So far, in this exercise of porting L4Re and Fiasco.OC to the Ben NanoNote, we have toured certain parts of the kernel, made adjustments for the compiler to generate suitable code, and added some descriptions of the device itself. But, as we saw, the Ben needs some additional changes to be made to the software in places where certain instructions are used that it doesn’t support. Attempting to compile the kernel will most likely end with an error if we ignore such matters, because although the C and C++ code will produce acceptable instructions, upon encountering an assembly language statement containing an unacceptable instruction, the compiler will probably report something like this:

Error: opcode not supported on this processor: mips32 (mips32)

So, we find ourselves in a situation where the compiler is doing the right thing for the code it is generating, but it also notices when the programmer has chosen to do what is now the wrong thing. We must therefore track down these instructions and offer a supported alternative. Previously, we introduced a special configuration setting that might be used to indicate to the compiler when to choose these alternative sequences of instructions: CPU_MIPS32_R1. This gets expanded to CONFIG_CPU_MIPS32_R1 by the build system and it is this identifier that gets used in the program code.

Those Unsupported Instructions

I have put off giving out the details so far, but now is as good a time as any to provide some about the instructions that the JZ4720 (the SoC in the Ben NanoNote) doesn’t seem to support. Some of them are just conveniences, offering a single instruction where many would otherwise be needed. Others offer functionality that is not always trivially replicated.

Instructions Description Privileges
di, ei Disable, enable interrupts Privileged
ext Extract bits from register Unprivileged
ins Insert bits into register Unprivileged
rdhwr Read hardware register Unprivileged, accesses privileged information
synci Synchronise instruction cache Unprivileged, performs privileged operations

We have already mentioned rdhwr, and this is precisely the kind of instruction that can pose problems, these mostly being concerned with it offering access to some (supposedly) privileged information from an unprivileged processor mode. However, since the kernel runs in a privileged mode, typically referred to as “kernel mode”, we won’t see rdhwr when doing our modifications to the kernel. And since the need to provide rdhwr also applied to the JZ4780 (the SoC in the MIPS Creator CI20), it turned out that I didn’t need to do much in addition to what others had already done in supporting it.

Another instruction that requires a bridging of privilege levels is synci. If we discover synci being used in the kernel, it is possible to rewrite it in terms of the equivalent cache instructions.
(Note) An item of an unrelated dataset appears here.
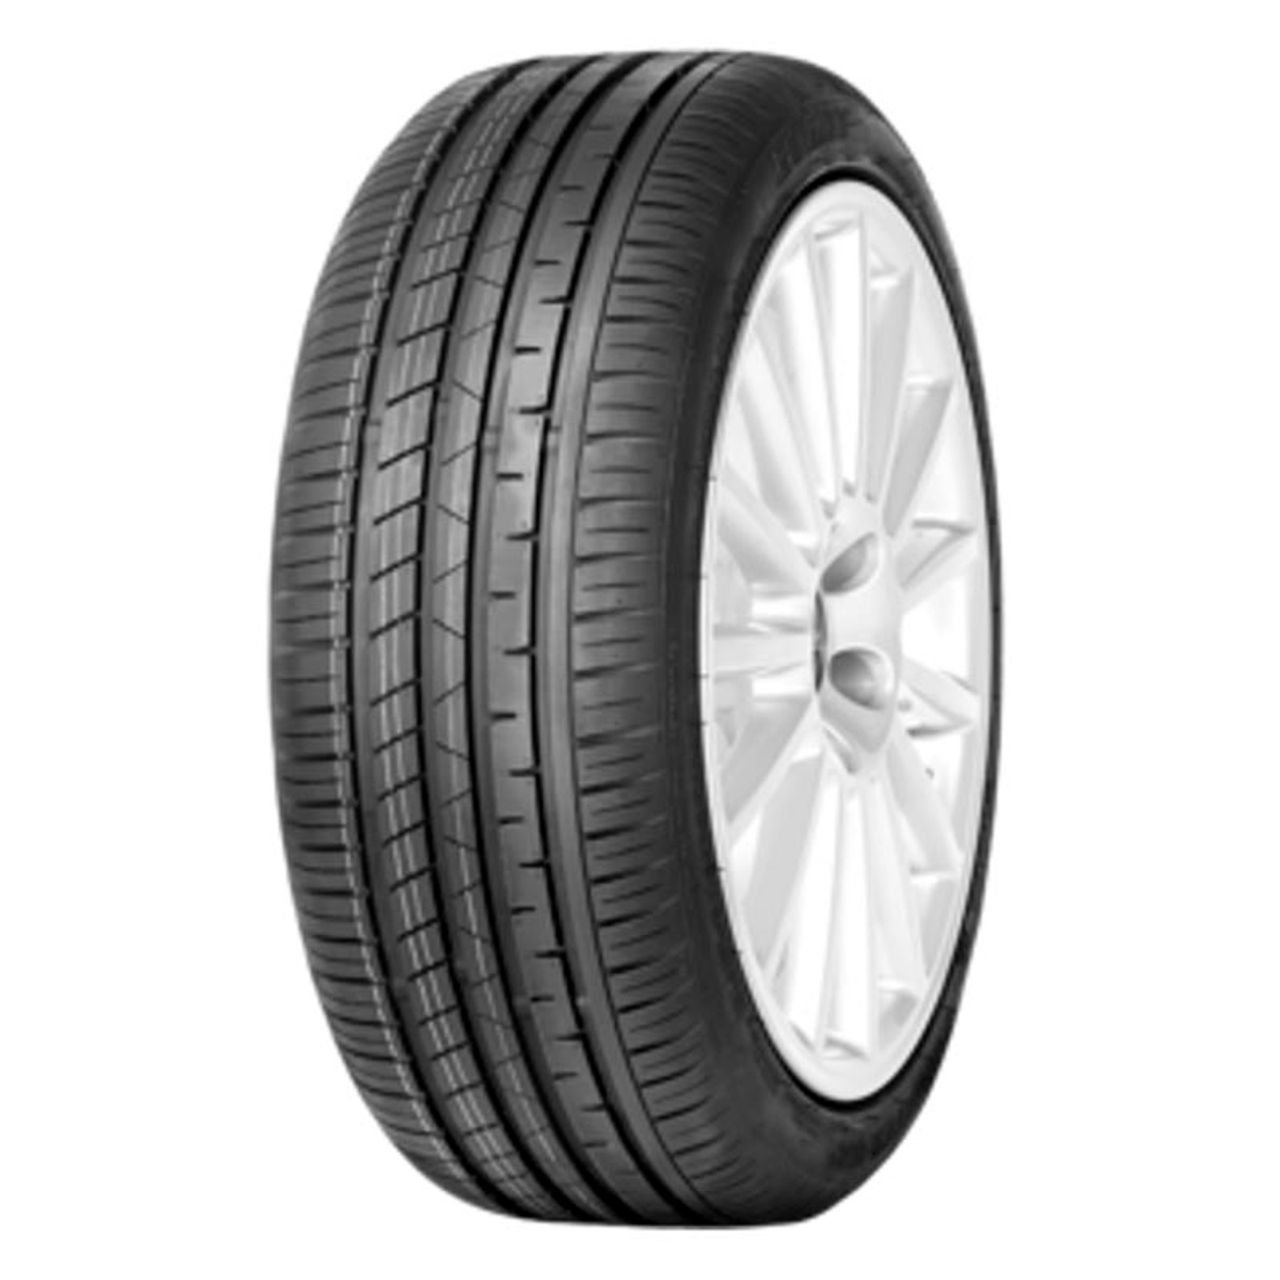 EVENT POTENTEM UHP 235/35R19 91W BSW XL
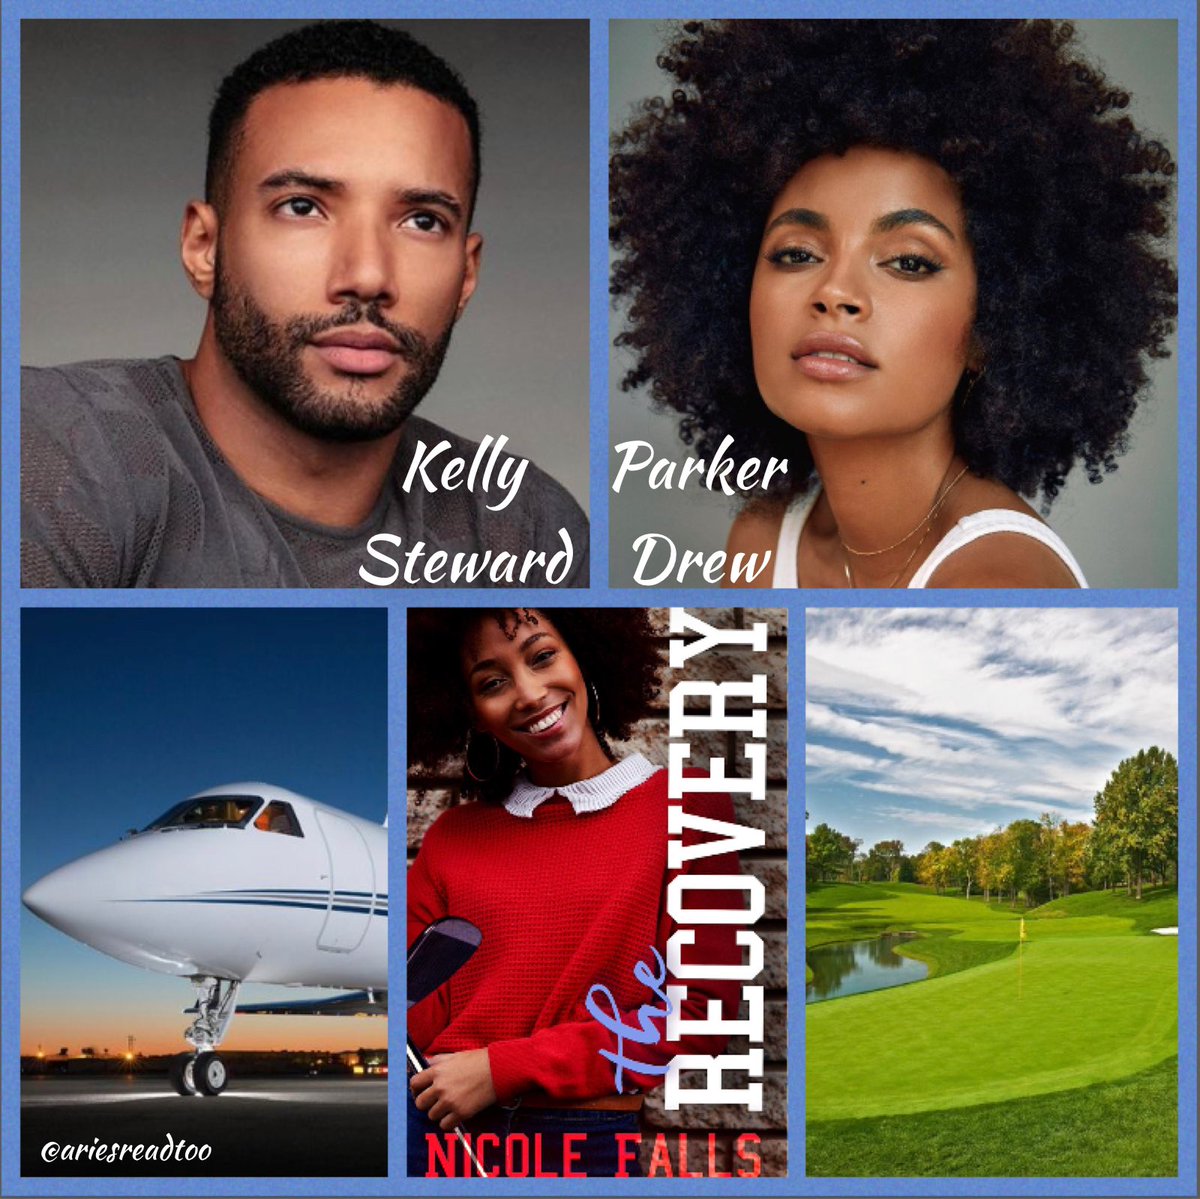 The Recovery (New Beginnings #3) by  @_nicolefalls about nanny/aspiring golf pro Parker Drew and pilot Kelly Steward. Parker is a full-time nanny to Chloe, Dylan and Ardelia Steward. I love the instant family trope and Nicole Falls is the Queen of the widower instant family trope!

However, outside the kernel in unprivileged mode, those cache instructions cannot be used and we would not wish to support them either, because “user mode” programs are not meant to be playing around with such aspects of the hardware. The solution for such situations is to “trap” synci when it gets used in unprivileged code and to handle it using the same mechanism as that employed to handle rdhwr: to treat it as a “reserved instruction”.

Thus, some extra code is added in the kernel to support this “trap” mechanism, but where we can just replace the instructions, we do so as in this example (from kernel/fiasco/src/kern/mips/alternatives.cpp):

#ifdef CONFIG_CPU_MIPS32_R1
    asm volatile ("cache 0x01, %0\n"
                  "nop\n"
                  "cache 0x08, %0"
                  : : "R"(orig_insn[i]));
#else
    asm volatile ("synci %0" : : "R"(orig_insn[i]));
#endif

We could choose not to bother doing this even in the kernel, instead just trapping all usage of synci. But this would have a performance impact, and L4 is ostensibly very much about performance, and so the opportunity is taken to maximise it by going round and fixing up the code in all these places instead. (Note that I’ve used the nop instruction above, but maybe I should use ehb. It’s probably something to take another look at, perhaps more generally with regard to which instruction I use in these situations.)

The other unsupported instructions don’t create as many problems. The di (disable interrupts) and ei (enable interrupts) instructions are really shorthand for modifications to the processor’s status register, albeit performing those modifications “atomically”. In principle, in cases where I have written out the equivalent sequence of instructions but not done anything to “guard” these instructions from untimely interruptions or exceptions, something bad could happen that wouldn’t have happened with the di or ei instructions themselves.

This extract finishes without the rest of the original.